Stefan Giger: Au cours des dernières années, une série de nouveaux accords commerciaux furent conclus, dont la plupart en dehors de l’OMC. L’OMC et son prédécesseur le GATT sont des instruments du Nord pesant lourdement sur le Sud. Toutefois, il s’est produit un changement important du fait que, grâce au cycle de Doha, les pays du Sud ont commencé à présenter leurs revendications et provoqué ainsi l’échec de ces négociations. Le conflit principal concerne le commerce agricole, le Nord voulant renforcer le protectionnisme en refusant de prendre en compte le libre-échange. Un autre conflit concerne les brevets sur les médicaments prescrits contre les épidémies, tels que le paludisme ou le sida, dans des pays comme l’Inde ou l’Afrique du Sud exigeant de pouvoir utiliser des médicaments vendus aux prix de production et non pas au prix de monopole. Les multinationales n’hésitent pas à laisser mourir des milliers de personnes plutôt que de renoncer à leurs profits. Un troisième point conflictuel est le brevetage d’informations génétiques des plantes médicinales: les multinationales pharmaceutiques veulent pouvoir imposer des brevets à toutes les informations génétiques du monde entier. Cela pourrait signifier, par exemple, qu’une petite entreprise africaine produisant un médicament à partir d’une plante médicinale locale devrait payer des frais de licence à Novartis, si cette multinationale avait breveté le génome de cette plante.
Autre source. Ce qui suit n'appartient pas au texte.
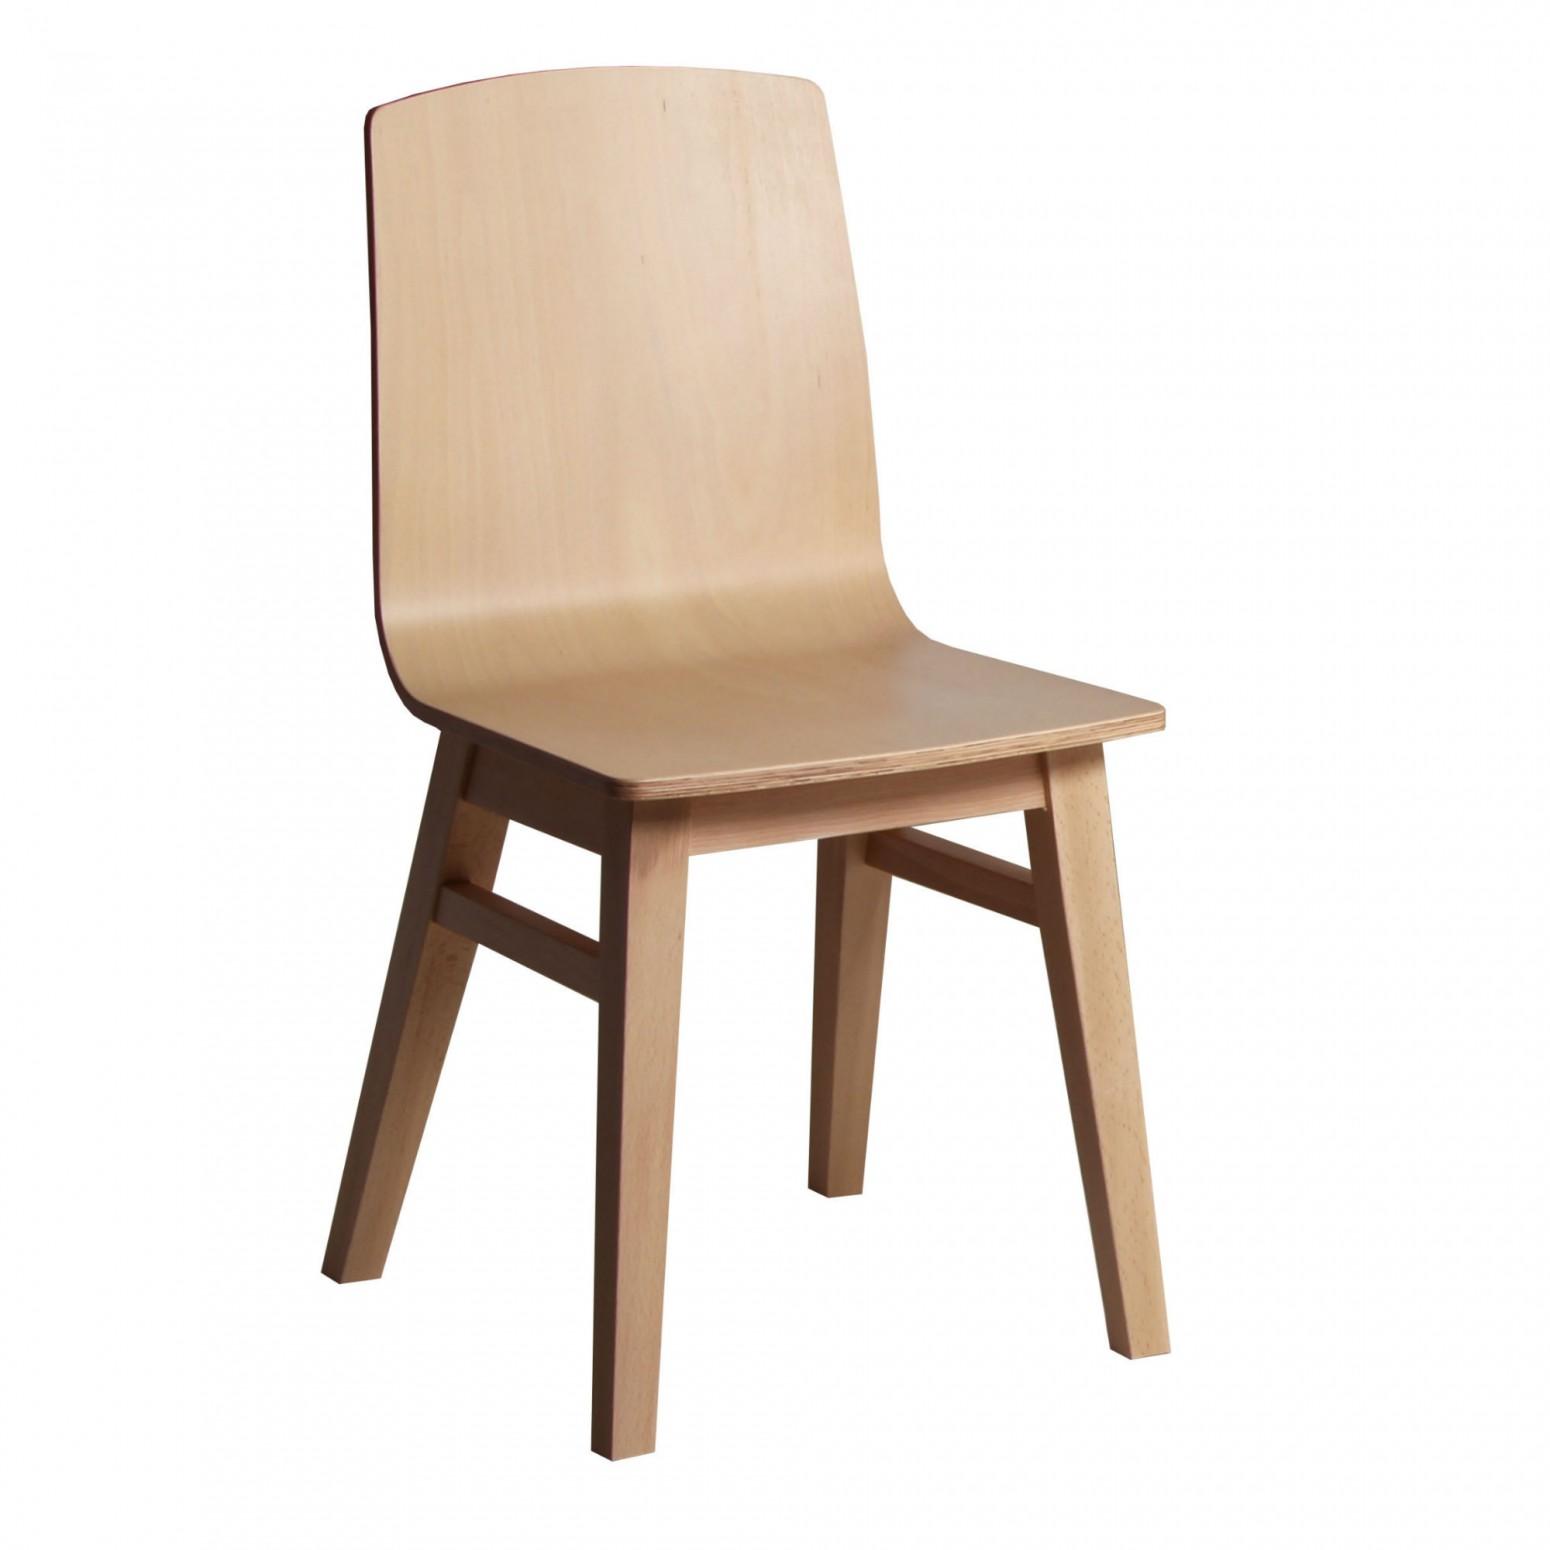 chaise moderne en bois massif

Qu’est-ce que cela signifie pour l’accord TiSA?
TiSA veut saisir tous les services. Selon la classification de l’ONU concernant les biens commerciaux, les biens sont relevés dans les chapitres 1 à 4, alors que les chapitres 5 à 9 contiennent les services. On y trouve tous les services imaginables: les services financiers, le commerce de détail, les services de conseil, mais aussi l’approvisionnement en eau et en énergie, l’élimination des déchets, les services de santé, la formation, la communication, la poste, la sécurité, l’exécution des peines pénales, les services sociaux, les assurances sociales, autrement dit l’ensemble du service public. L’objectif est de déréguler les services et de soumettre ces derniers au marché mondial.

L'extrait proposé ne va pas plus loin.